Among both his friends and his enemies, there is a tendency to think of Donald Trump as sui generis: a political figure, and certainly a president, unlike any other. In some respects, including his incessant mendacity and his tendency to publicly insult everyone who doesn’t bow down to him, he may truly be without equal in U.S. history and more comparable to foreign political strongmen from Juan Perón to Viktor Orban.
But at the New York Times, Ross Barkan suggests that as Trump pursues a comeback after his 2020 defeat (which, of course, he will not acknowledge), he may actually resemble a highly controversial 20th-century predecessor: Richard Nixon. The 37th president, like the 45th, survived periodic dismissal as a loser (Nixon narrowly lost the 1960 presidential contest to John F. Kennedy and then was upset two years later in a bid for the California governorship). And when Nixon made his comeback in 1968, he faced intraparty competition from both the left and the right, as well as from large-state governors just as formidable as today’s Trump rival Ron DeSantis. Barkan writes:
Mr. Trump today, like mid-’60s Nixon, has reasserted himself as a party kingpin. Now he, too, is contending with a popular governor from a large swing state.

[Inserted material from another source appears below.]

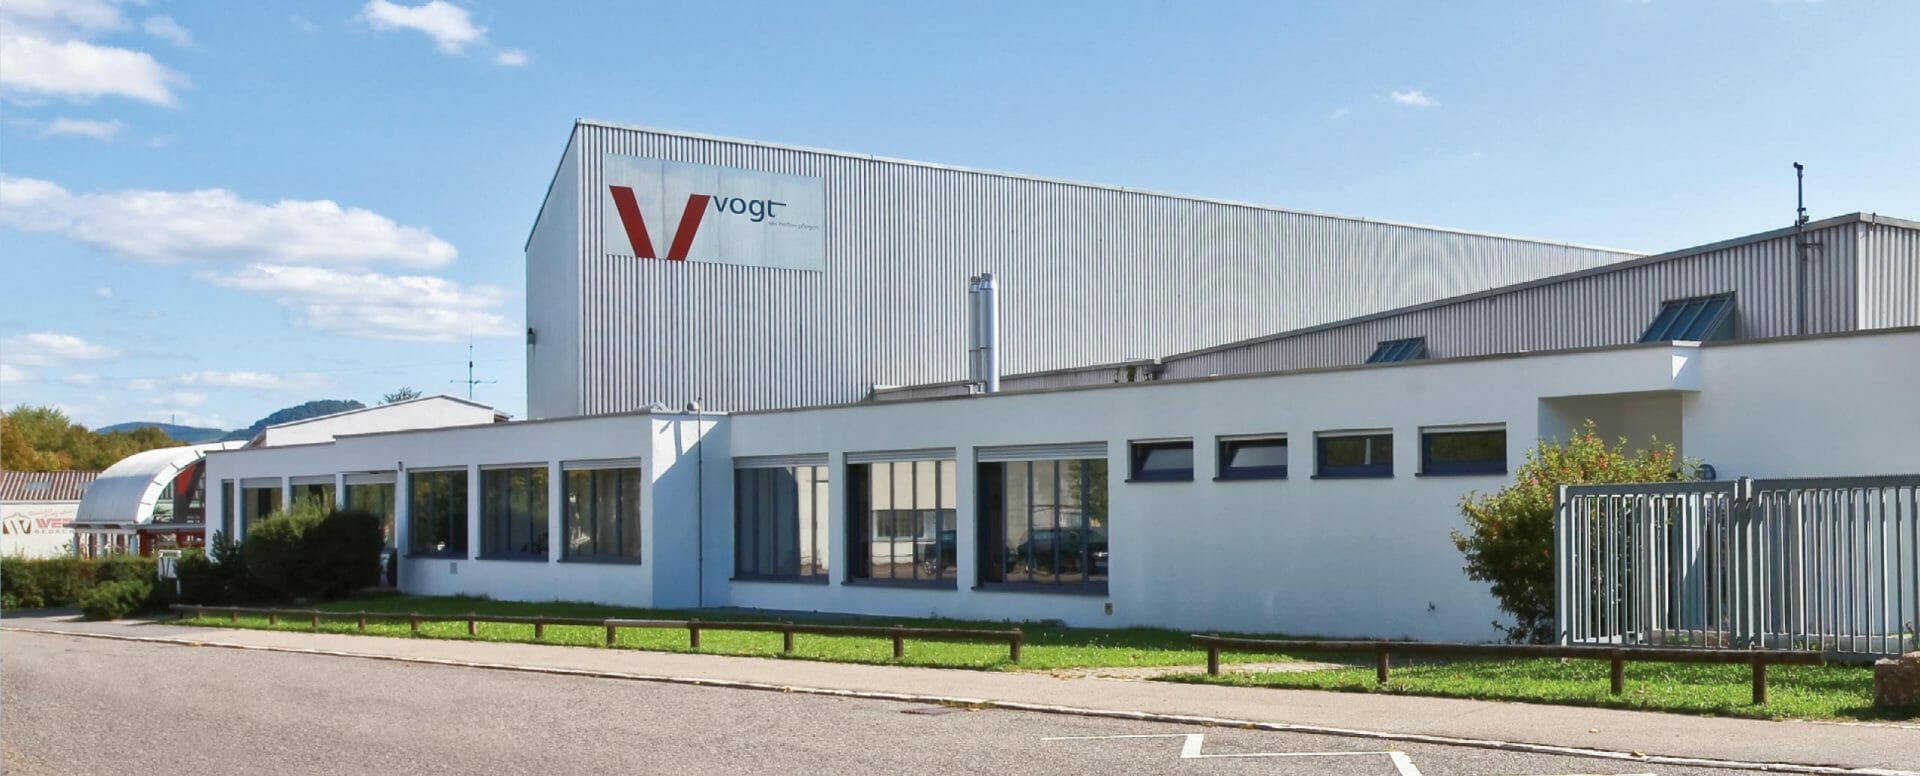 Filialbetrieb der Vogt GmbH in Reutlingen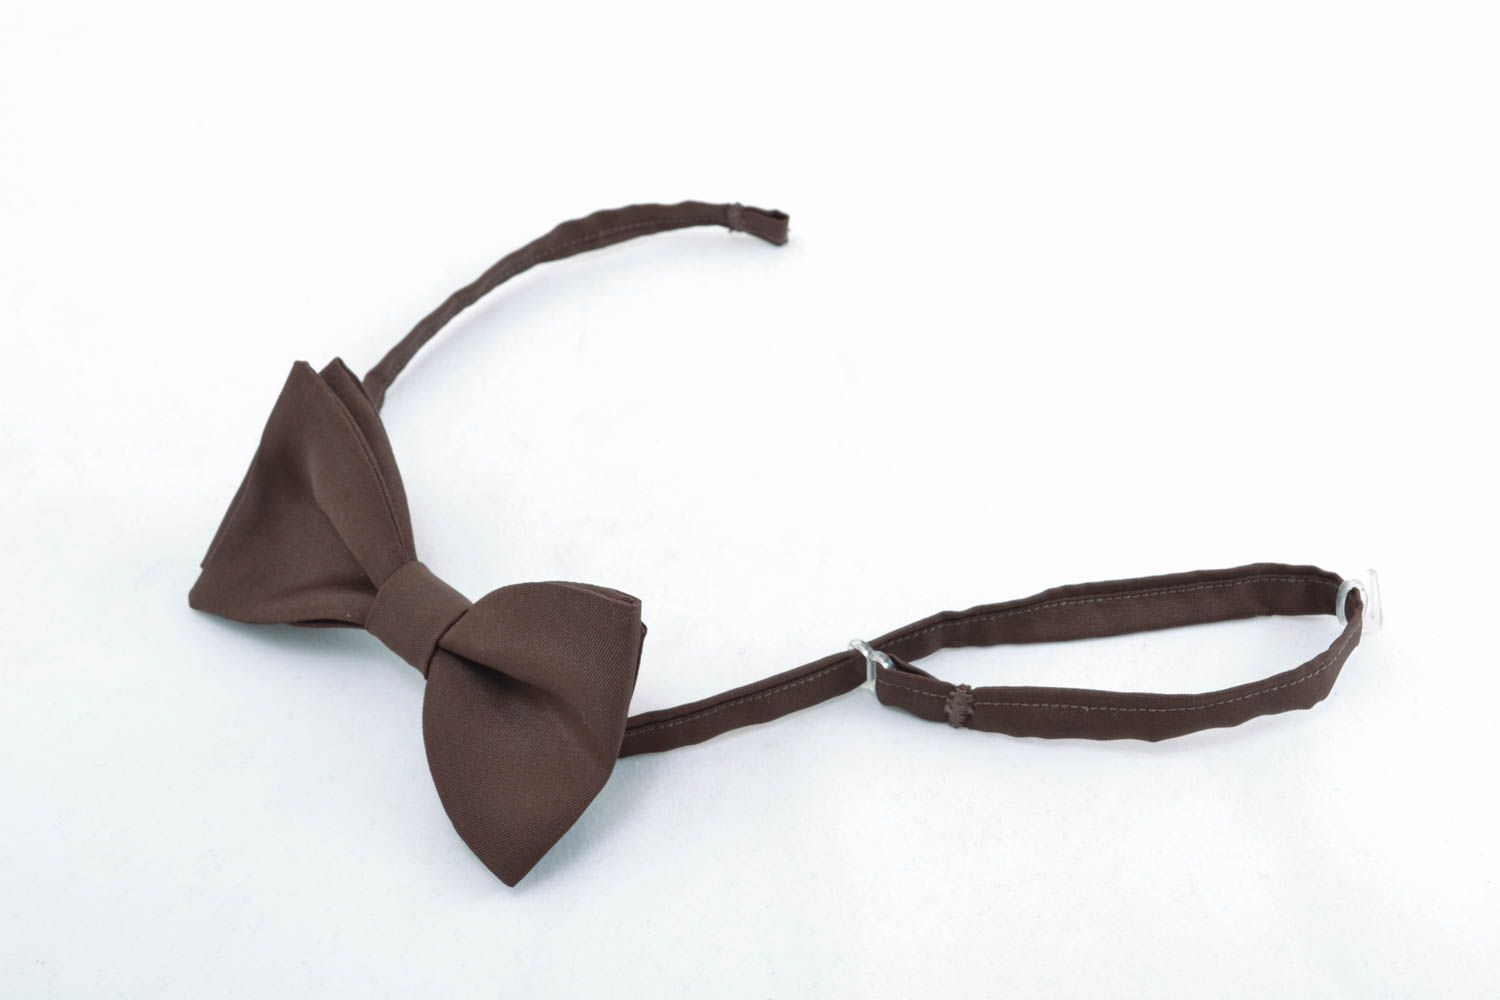 Оригинальный галстук-бабочка Коричневый фото 1

In the 1968 G.O.P. primary, Nixon had to outflank three prominent Republican governors — George Romney of Michigan, Nelson Rockefeller of New York and Ronald Reagan of California — who could offer, in the immediate term at least, more allure.
In both cases, Barkan argues, the familiar if much-derided retreads benefited from divided opposition:
Just as a divided primary field worked to Nixon’s advantage, so it may for Mr. Trump, especially if several other candidates become viable. In such a scenario, Mr. Trump may need only pluralities in pivotal early states to take the nomination. His core fan base might be enough.
Some comparisons between these two Republican presidents are both compelling and intriguing. They both have aroused a particularly visceral — and fully reciprocated — hostility from liberals and the mainstream news media. They both introduced highly new and virulent cultural issues into national politics. They both were identified with the conservative movement but were often ideologically flexible when political opportunism demanded it. They both (in Nixon’s case, after his 1968 comeback, to be sure) abused and sought to massively expand presidential powers. And they both faced rare impeachment efforts (Nixon resigned before a near-certain House impeachment; Trump was impeached twice by the House and acquitted twice by the Senate).
But beyond that the Nixon ’68/Trump ’24 comparisons are at best strained. For one thing, the near-universal primaries that characterized presidential-nomination contests after 1972 weren’t in place four years earlier. Additionally, Nixon’s Republican rivals ran erratic and poorly timed campaigns. George Romney’s candidacy lasted just over three months; he dropped out before the New Hampshire primary after registering terrible numbers against Nixon. Nelson Rockefeller didn’t join the 1968 race until the end of April — too late to enter most of the remaining primaries — and mostly depended on electability-based appeals to Republican-convention delegates. And Reagan didn’t enter the race until the eve of that convention; his pincer move to work with Rockefeller to deny Nixon the nomination failed. There was nothing like the large and persistent field of primary rivals Trump overcame in 2016 and now faces (at this point in the cycle, at least) in 2024, led by the extremely well-financed and relatively well-known DeSantis.
The dynamics of the general elections of 1968 and 2024, moreover, are dramatically different. Nixon benefited from a highly unstable partisan landscape. The Democratic Party that swept the 1964 presidential election under Lyndon Johnson was steadily coming apart. As Barkan notes, Nixon had to compete in southern states with George Wallace’s right-wing crypto-segregationist ticket, deploying racially inflammatory “law and order” themes that indeed established demagogic models still being emulated by today’s Republicans. But most of Wallace’s voters, like Wallace himself, were ex-Democrats leaving their ancestral party. And Democratic divisions to the left (over the Vietnam War) and to the right (over civil rights) of Nixon made it possible for Tricky Dick to run as something of a centrist; a considerable number of anti-war Democrats and independents who didn’t trust Democratic nominee Hubert Humphrey to end the conflict took a chance on Nixon, who claimed to have a “secret plan” to end the war.
Needless to say, Trump will not be perceived as any kind of centrist in the 2024 general election. And indeed, unlike Nixon, if he is again the GOP nominee, Trump will benefit from a deeply stable political environment in which mobilizing a large and increasingly extremist party base will get him very close to what he needs to win, though perhaps while losing the popular vote as he did in 2016 (Nixon, meanwhile won a plurality of the popular vote in 1968).
A final and most obvious difference between the two men is that after winning the presidency in 1968, Nixon went on to win reelection by a landslide in 1972; unless he undertakes a coup, Trump is done after 2024. And it’s very unlikely any Republican presidential candidate will win a landslide in the foreseeable future, given the party’s reluctance to change its ideology to expand its base. If he does win a second term in 2024, it remains to be seen if Trump will wind up, like Nixon, a disgraced figure needing a pardon.